Some programs and institutions are addressing the need to increase connectedness in medical education. At the Mayo Clinic Internal Medicine Residency Program, we have developed a clinic-coach pairing for each resident to meet at least twice annually and are also working to align schedules between residents and their faculty coaches. For complex patients, we are pairing residents with faculty and nursing colleagues to create longitudinal teams to support clinical coaching. We have conducted research in professional identity formation and uncovered tension within the process.30  We presented the findings to our residents and faculty, as well as outside our program, to stimulate discussions about change. Beyond our institution, others are working on education innovations, research, and resistance to champion connectedness in medical education (Table).
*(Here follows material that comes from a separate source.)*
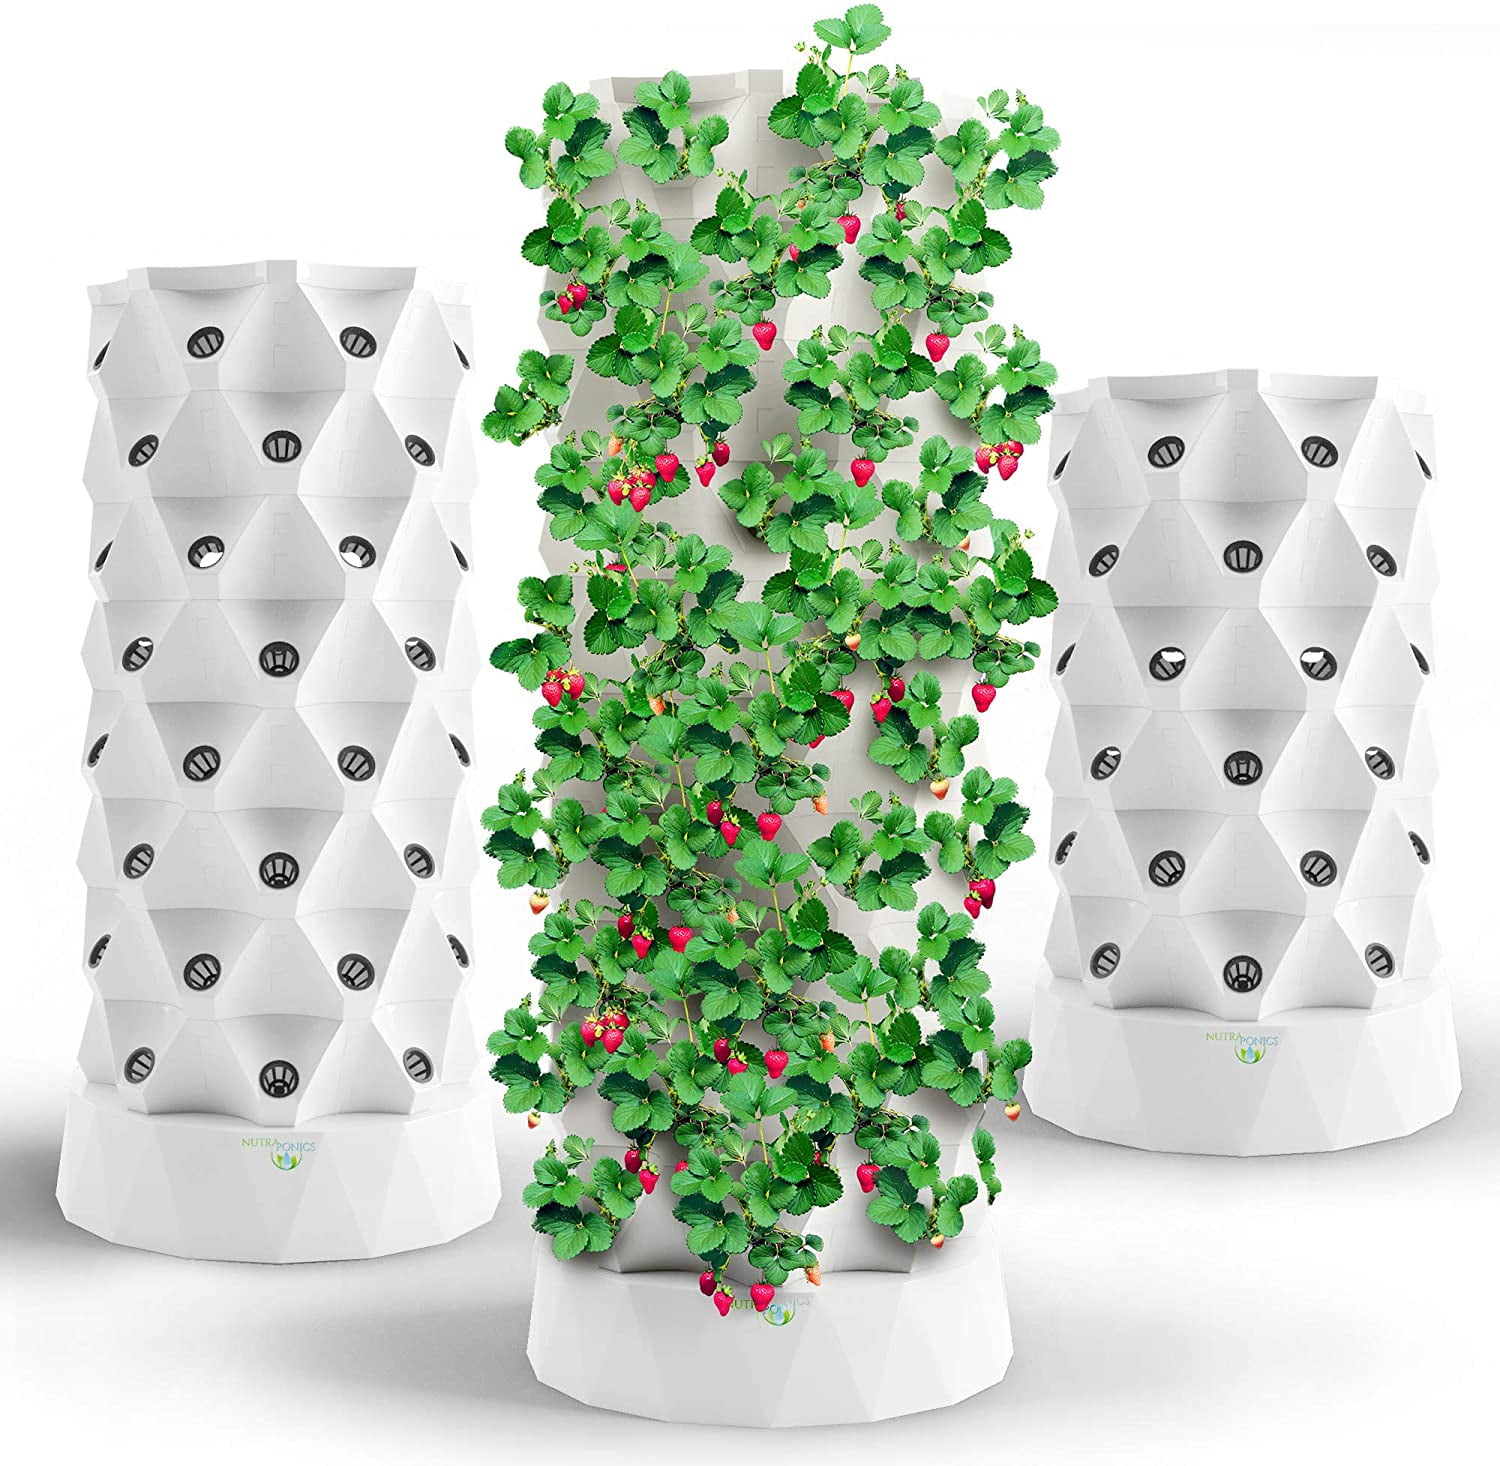 organic Growing Tower Unit for 48 Plants growing of Salads & Herbs Leafy Plants

We are not calling for a return to an apprenticeship model of medical education, but rather for the pursuit of connectedness in medical education. We are inviting educators and scholars to move away from an assembly line model of medical education that prioritizes efficiency and productivity, toward more meaningful education to support learners’ development and growth. We believe that strengthening connectedness will align CBME with the goal of supporting professional identity formation.